Anthem often hinders coverage for outpatient surgery, specialty pharmacy and other services in health systems listed as in-network, amounting to a “bait and switch” on Anthem members, AHA officials said.
“Demanding that patients be treated outside of the hospital setting, against the advice of the patient’s in-network treating physician, appears to be motivated by a desire to drive up Empire’s profits,” the Greater New York Hospital Association wrote in an April letter to Empire Blue Cross, which is owned by Anthem.
Anthem officials pushed back in a recent letter to the AHA, saying the insurer’s changing rules are intended partly to control excessive prices charged by hospitals for specialty drugs and nonemergency surgery, screening and diagnostic procedures.
Severe problems with Anthem’s new claims management system surfaced months ago and “persist without meaningful improvement,” AHA said in its letter.
Claims have gotten lost in Anthem’s computers, and in some cases VCU Health has had to print medical records and mail them to get paid, VCU said in its letter. The cash slowdown imposes “an unmanageable disruption that threatens to undermine our financial footing,” VCU said.
United denied $31,557 in claims for Emily Long’s care after she was struck in June by a motorcycle in New York City. She needed surgery to repair a fractured cheekbone. United said there was a lack of documentation for “medical necessity” — an “incredibly aggravating” response on top of the distress of the accident, Long said.
The Brooklyn hospital that treated Long was “paid appropriately under her plan and within the required time frame,” said United spokesperson Maria Gordon Shydlo. “The facility has the right to appeal the decision.”
United’s unpaid claims came to 54% as of June 30, about the same level as two years previously.

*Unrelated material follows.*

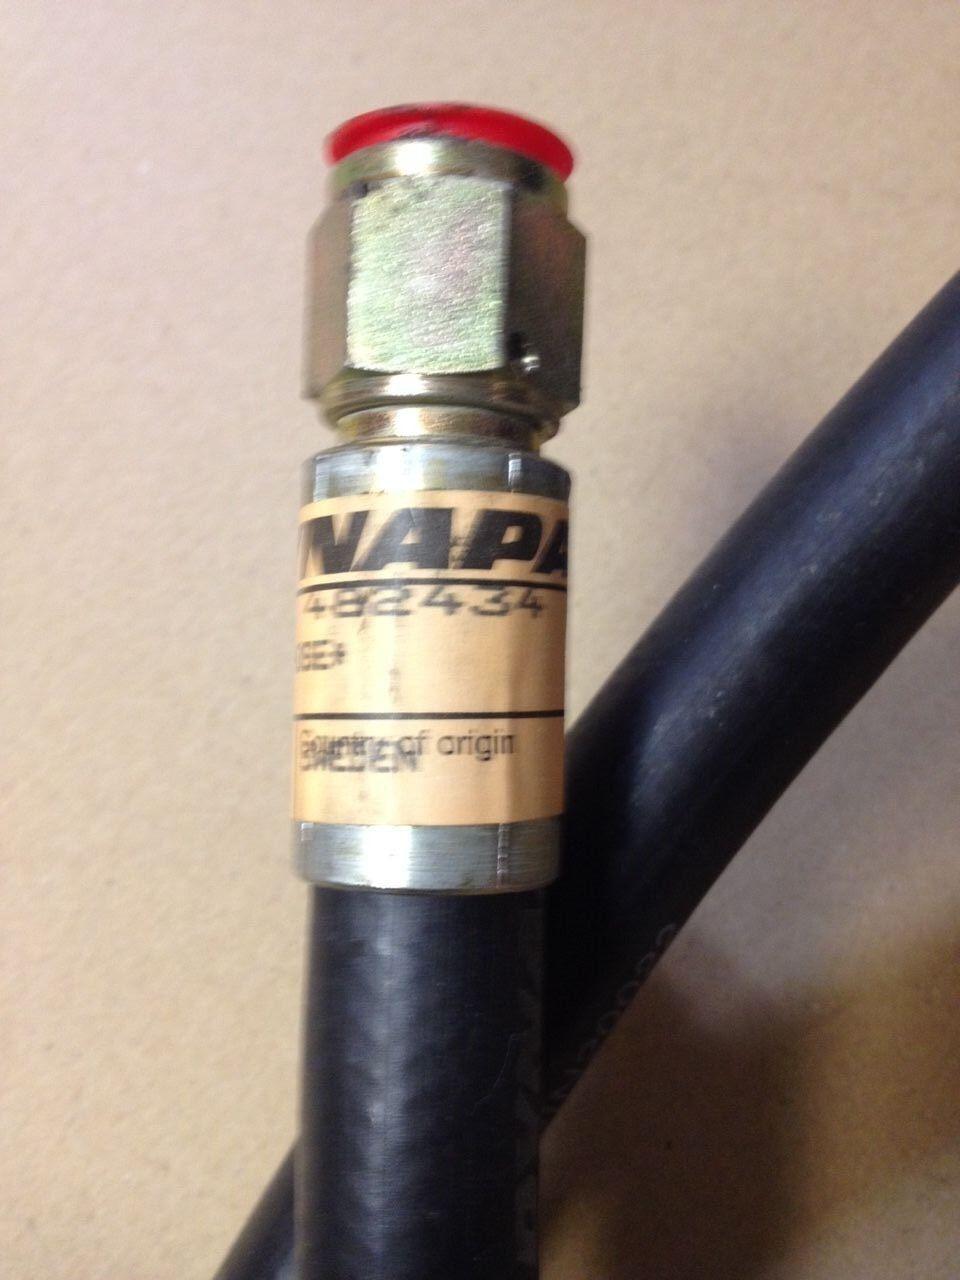 NAPA AUTOMOTIVE 4L840 Replacement Belt

When Erin Conlisk initially had trouble gaining approval for a piece of medical equipment for her elderly father this summer, United employees told her the insurer’s entire prior-authorization database had gone down for weeks, said Conlisk, who lives in California.
“There was a brief issue with our prior-authorization process in mid-July, which was resolved quickly,” Gordon Shydlo said.
When asked by Wall Street analysts about the payment backups, Anthem executives said it partly reflects their decision to increase financial reserves amid the health crisis.
“Really a ton of uncertainty associated with this environment,” John Gallina, the company’s chief financial officer, said on a conference call in July. “We’ve tried to be extremely prudent and conservative in our approach.”
During the pandemic, hospitals have benefited from two extraordinary cash infusions. They and other medical providers have received more than $100 billion through the CARES Act of 2020 and the American Rescue Plan of 2021. Last year United, Anthem and other insurers accelerated billions in hospital reimbursements.
The federal payments enriched many of the biggest, wealthiest systems while poorer hospitals serving low-income patients and rural areas struggled.
Those are the systems most hurt now by insurer payment delays, hospital officials said. Federal relief funds “have been a lifeline, but they don’t make people whole in terms of the losses from increased expenses and lost revenue as a result of the covid experience,” Pollack said.
Several health systems declined to comment about claims-payment delays or didn’t respond to a reporter’s queries. Among individual hospitals “there is a deep fear of talking on the record about your largest business partner,” AHA’s Smith said.
Alexis Thurber worried she might have to pay her $18,192 radiation bill herself, and she’s not confident her Anthem policy will do a better job next time of covering the cost of her care.
“It makes me not want to go to the doctor anymore,” she said. “I’m scared to get another mammogram because you can’t rely on it.”